So it turns out that the ongoing state-based legal challenges to ObamaCare might not be mere courtroom irritations, even before the Supreme Court get involved. Depending on how the rulings go, they could end up making implementation very, very difficult.
Here’s the issue: Judges in both Florida and Virginia have indicated that they may accept some of the key constitutional arguments against the law’s individual mandate, which requires everyone to purchase health insurance or pay a fine. As The New York Times reported over the holiday, if either of those judges eventually rules that the mandate is unconstitutional, then the judge will have to choose whether or not to let implementation of the rest of the law proceed:
Virginia’s attorney general, Kenneth T. Cuccinelli II, a Republican who filed the Richmond lawsuit, argues that if Judge Hudson rejects the insurance requirement he should instantly invalidate the entire act on a nationwide basis.

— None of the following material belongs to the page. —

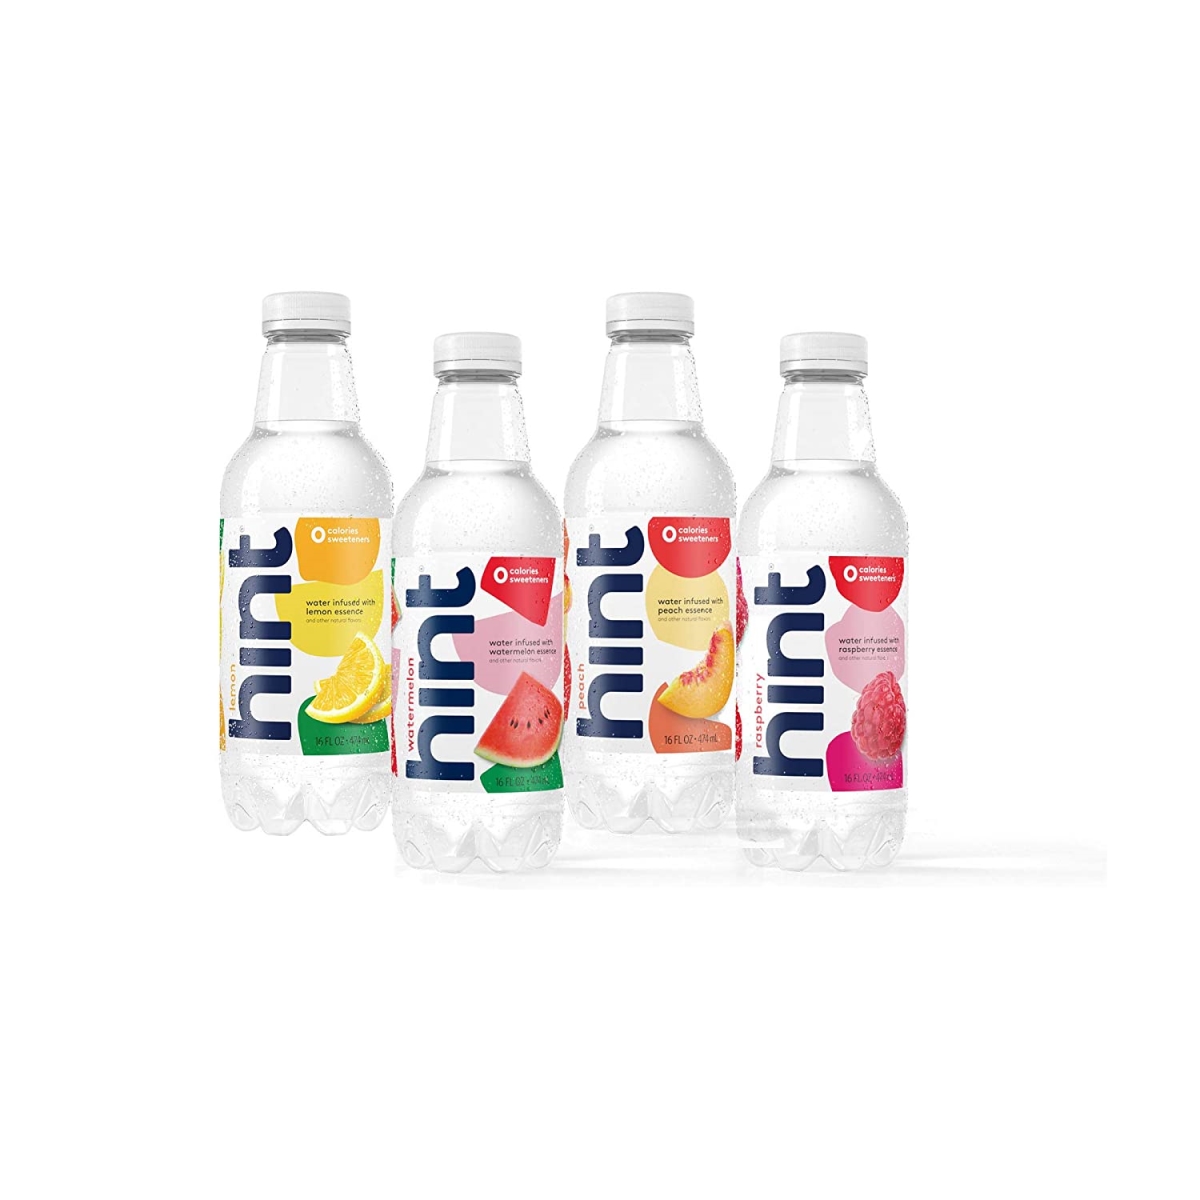 Picture of Hint 2401149 16.9 fl oz 4-Flavor Sparkling Water

Mr. Cuccinelli and the plaintiffs in the Florida case, who include attorneys general or governors from 20 states, have emphasized that Congressional bill writers did not include a “severability clause” that would explicitly protect other parts of the sprawling law if certain provisions were struck down.
An earlier version of the legislation, which passed the House last November, included severability language. But that clause did not make it into the Senate version, which ultimately became law. A Democratic aide who helped write the bill characterized the omission as an oversight.
Without such language, the Supreme Court, through its prior rulings, essentially requires judges to try to determine whether Congress would have enacted the rest of a law without the unconstitutional provisions.
The first thing to note from this passage is that the severability clause was left out by mistake—despite the absolute certainty that the mandate would be challenged—indicating the haste with which the bill was cobbled together, and the overall sloppiness of its construction. The law we got was not a polished, considered piece of legislation. It was a rush job with a lot of glitches. As I’ve written before, in software terms, the legislation that passed was still in beta form.
The second point to make here is that it is very difficult to imagine that Congress would have passed the rest of the law without the mandate. For one thing, the mandate was the least popular part of the law throughout the debate, so based purely political calculus, if members of Congress could have left it out, they presumably would have. (It was so unpopular, in fact, that Obama ran against it during his campaign.)
The mandate was also a key part of the bill’s construction, because, at least in theory, it mitigates the negative effects of two of the law’s biggest goodies—the provisions requiring insurers to sell insurance to anyone and to set premium rates without taking individual preexisting health conditions into account.
The problem with those provisions is that, if enacted by themselves, they set up a system in which many individuals have little incentive to maintain health insurance. So the healthiest people opt out, which causes insurance premiums to rise, which in turn causes more healthy people to opt out, and so on and so forth until pretty soon you have a very small pool of very sick people.
The idea behind the mandate is that you can prevent that sort of spiral by requiring everyone to purchase health insurance. Now, it’s not clear that the mandate will actually stop individuals from waiting until the last minute to purchase health insurance—for many folks, it may be cheaper to pay the fine. Regardless, though, the law certainly wouldn’t work the way it’s intended to work without a mandate, meaning that it would be something of a stretch, at best, to assert that Congress would have passed the rest of the law without it.
We don’t yet know how either of the judges will rule on the constitutional merits of the mandate—rulings are expected by the end of the year—so the point may ultimately be moot. But if either does decide that the mandate doesn’t pass constitutional muster, it will be quite difficult to make a compelling case that Congress would’ve passed the rest of the law anyway and that those other pieces should therefore continue to stand.